Por: Diana Moreno
Politóloga de la Pontificia Universidad Javeriana
Pensar en Venezuela hace unos años era sinónimo de buena vida y esperanza. Muchos connacionales viajaron para tener mejores oportunidades o por causa de la violencia política a la que Colombia se enfrentaba, mezclada con los sanguinarios tiempos del narcotráfico, tiempo en el que Venezuela comenzaba su boom petrolero. Ahora, hemos cambiado nuestro referente, pensamos en los miles de migrantes venezolanos que vemos en televisión tratando de cruzar una frontera, o en cada historia que nos vienen a contar en el transporte público y en algunos establecimientos comerciales. Lo cierto es que su presencia no es fácil de ignorar y nos han dado dos puntos de vista: La xenofóbica, el porque nos asustamos de perder nuestro empleo; y la humanitaria que se ha preocupado por escuchar las múltiples historias, entender la situación y organizar alternativas para coexistir sin afectar la población receptora. Por supuesto, a riesgo de ser criticada, me referiré a la humanitaria.
La hiperinflación actual ha afectado seriamente el poder adquisitivo alimentario del salario mínimo oficial para un mes, es decir, un salario mínimo promedio al cambio no oficial (6 dólares por mes) no alcanza para sobrevivir, así que el empleado debe tomar más de dos empleos para poder alimentar a su familia. A esta situación, súmele la escasez de alimentos en el país junto con el acaparamiento de alimentos básicos a precio accesible. Según el sistema de monitoreo de la nutrición de Caritas, el 85% de las familias estas recurriendo a fuentes inusuales de acceso al alimento y degradantes como la mendicidad y los contenedores de basura. Las familias, entonces, recurren a la venta de sus activos para poder comprar alimentos o en ciertos casos migrar. No hay medicamentos, el 81% de los hospitales reporta escasez de material quirúrgico y no tener un servicio de agua potable regular. Y así puedo seguir enumerando más datos que al lector lo pueden dejar sorprendido y tal vez conmovido.
“…le pido querido lector que no sienta lástima sino empatía.”
Ahora quiero plantearle un panorama de la vida de un venezolano en Colombia. Para regularizarse en territorio colombiano es obligatorio tener pasaporte, bien sea porque desee acceder a una visa o porque haya ingresado a territorio colombiano antes del 8 de febrero y acceda al permiso especial de permanencia (PEP). Para sacar un pasaporte, cada ciudadano venezolano debe esperar en promedio un año, adicional debe pagar cerca de 2 millones de pesos y tener “contactos”. Con suerte, podrá ingresar al territorio de manera regular, de otra manera pasará por trocha, arriesgándose a ser cooptado por bandas criminales y trata de personas.

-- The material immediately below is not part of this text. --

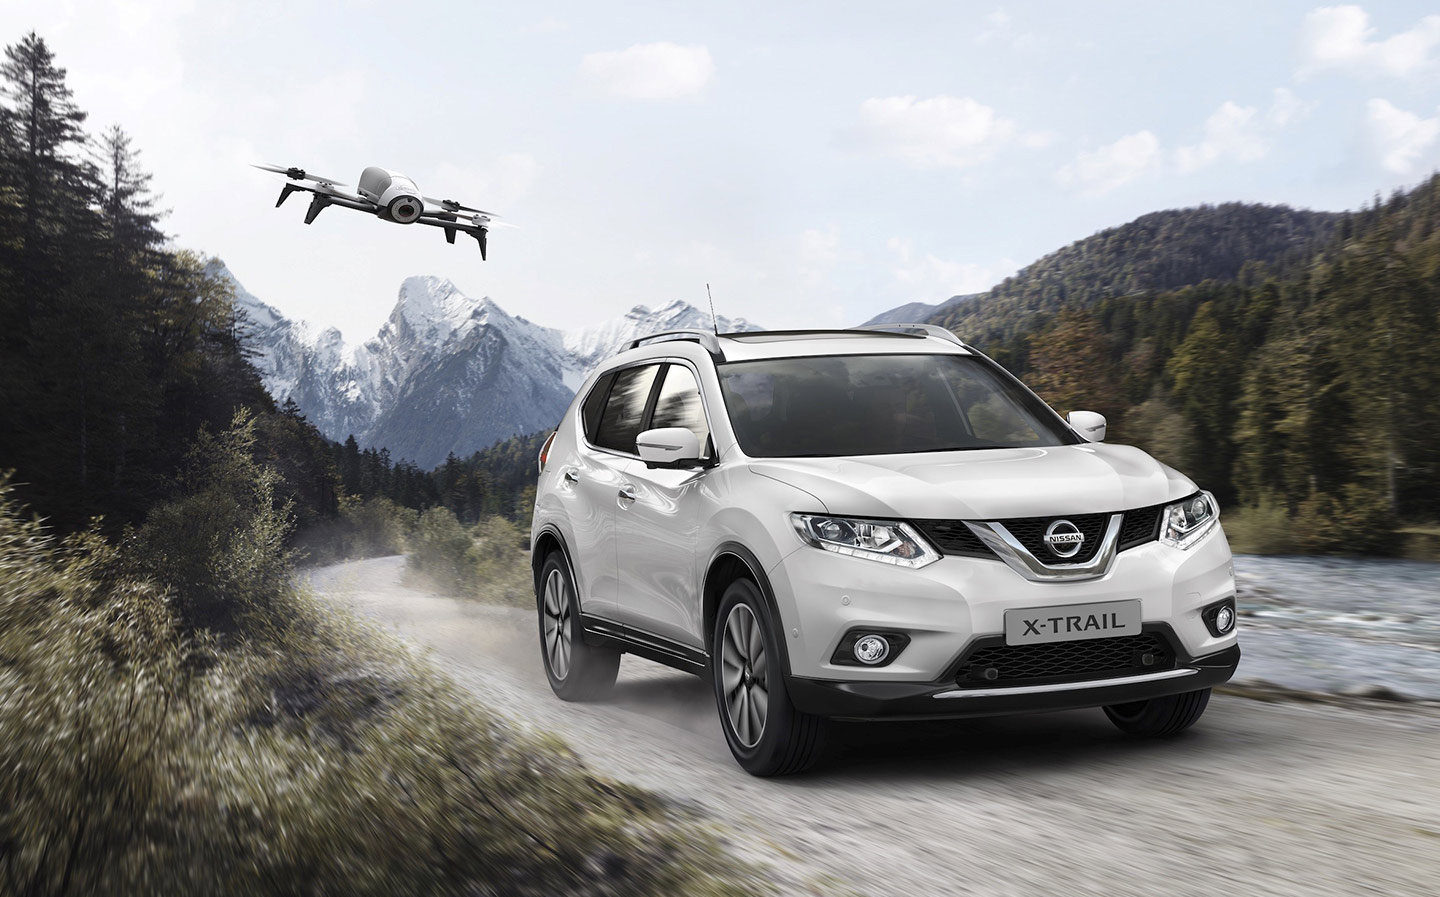 You can now buy a Nissan X-Trail with its own drone

Apostillar y hacer validar los títulos universitarios no es tarea fácil, comenzando porque el Estado venezolano no está agilizando ciertos trámites, y Odiseo hubiera podido llegar más fácil a Ítaca. ¿Qué queda si no hay pasaporte, dinero, estudios? Sobrevivir.
Y es aquí donde le pido querido lector que no sienta lastima sino empatía. Usted como jefe de hogar, como madre, esposa o hijo, estoy segura haría todo lo posible para salir si percibe que sus condiciones de vida se tornan precarias; si, aparte, no está de acuerdo con el gobierno de turno y ve cómo no puede acceder a ninguno de los bienes y servicios del Estado. Lo invito a que escuche sus historias, revise los últimos datos producto del registro administrativo a migrantes venezolanos y reconozca que la situación amerita medidas económicas y políticas, que, si bien pueden afectar a un país, es necesario que existan como ruta de atención a esta nueva población que llega.